When you transcribe the lines below, keep every word the same and leave the pictures behind.

BEGIN Data block

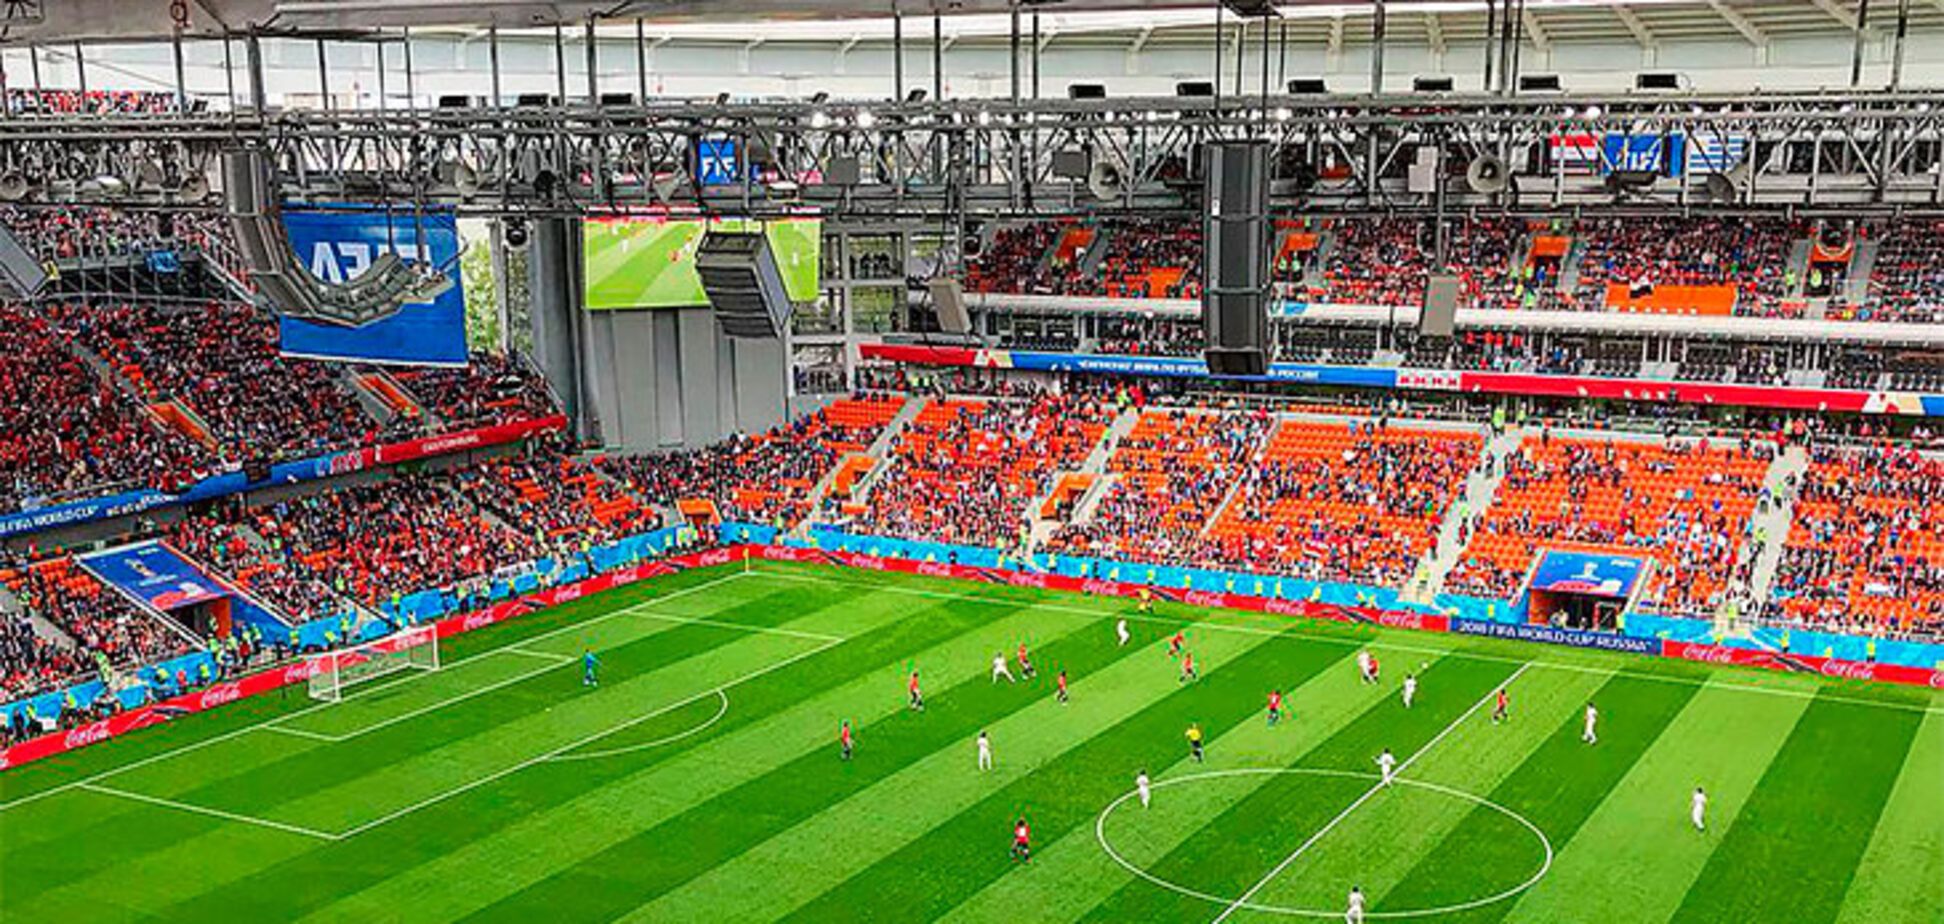 ФИФА нашла оправдание пустым местам на матче ЧМ-2018
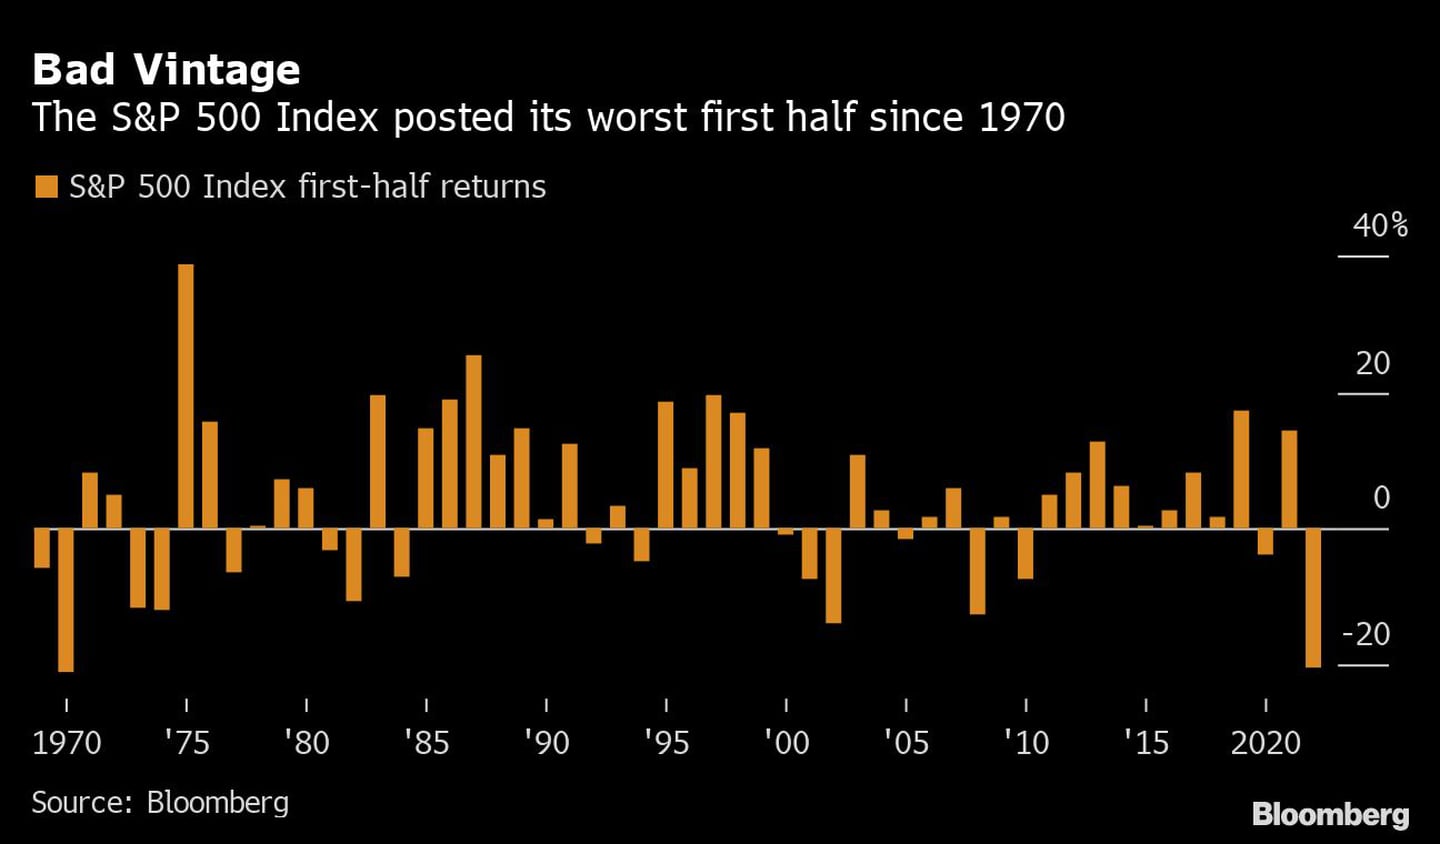 El índice S&P 500 registra su peor primer semestre desde 1970dfd
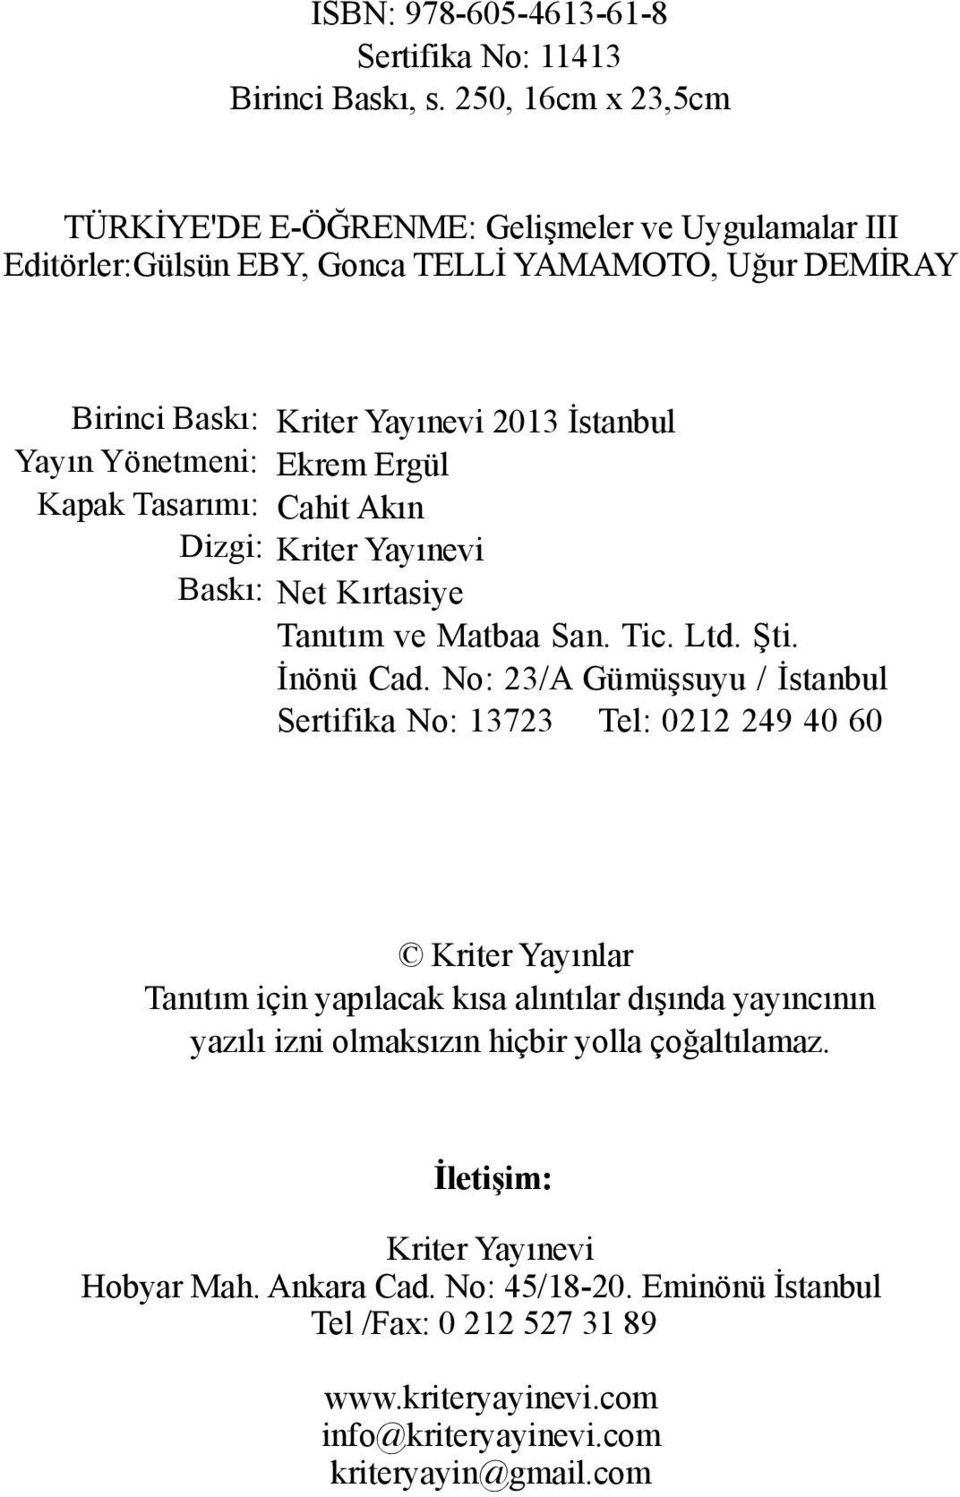 Yönetmeni: Ekrem Ergül Kapak Tasarımı: Cahit Akın Dizgi: Kriter Yayınevi Baskı: Net Kırtasiye Tanıtım ve Matbaa San. Tic. Ltd. Şti. İnönü Cad.

END Data block

Solution to this task:
 ФИФА нашла оправдание пустым местам на матче ЧМ-2018
 El índice S&P 500 registra su peor primer semestre desde 1970dfd
 Yönetmeni: Ekrem Ergül Kapak Tasarımı: Cahit Akın Dizgi: Kriter Yayınevi Baskı: Net Kırtasiye Tanıtım ve Matbaa San. Tic. Ltd. Şti. İnönü Cad.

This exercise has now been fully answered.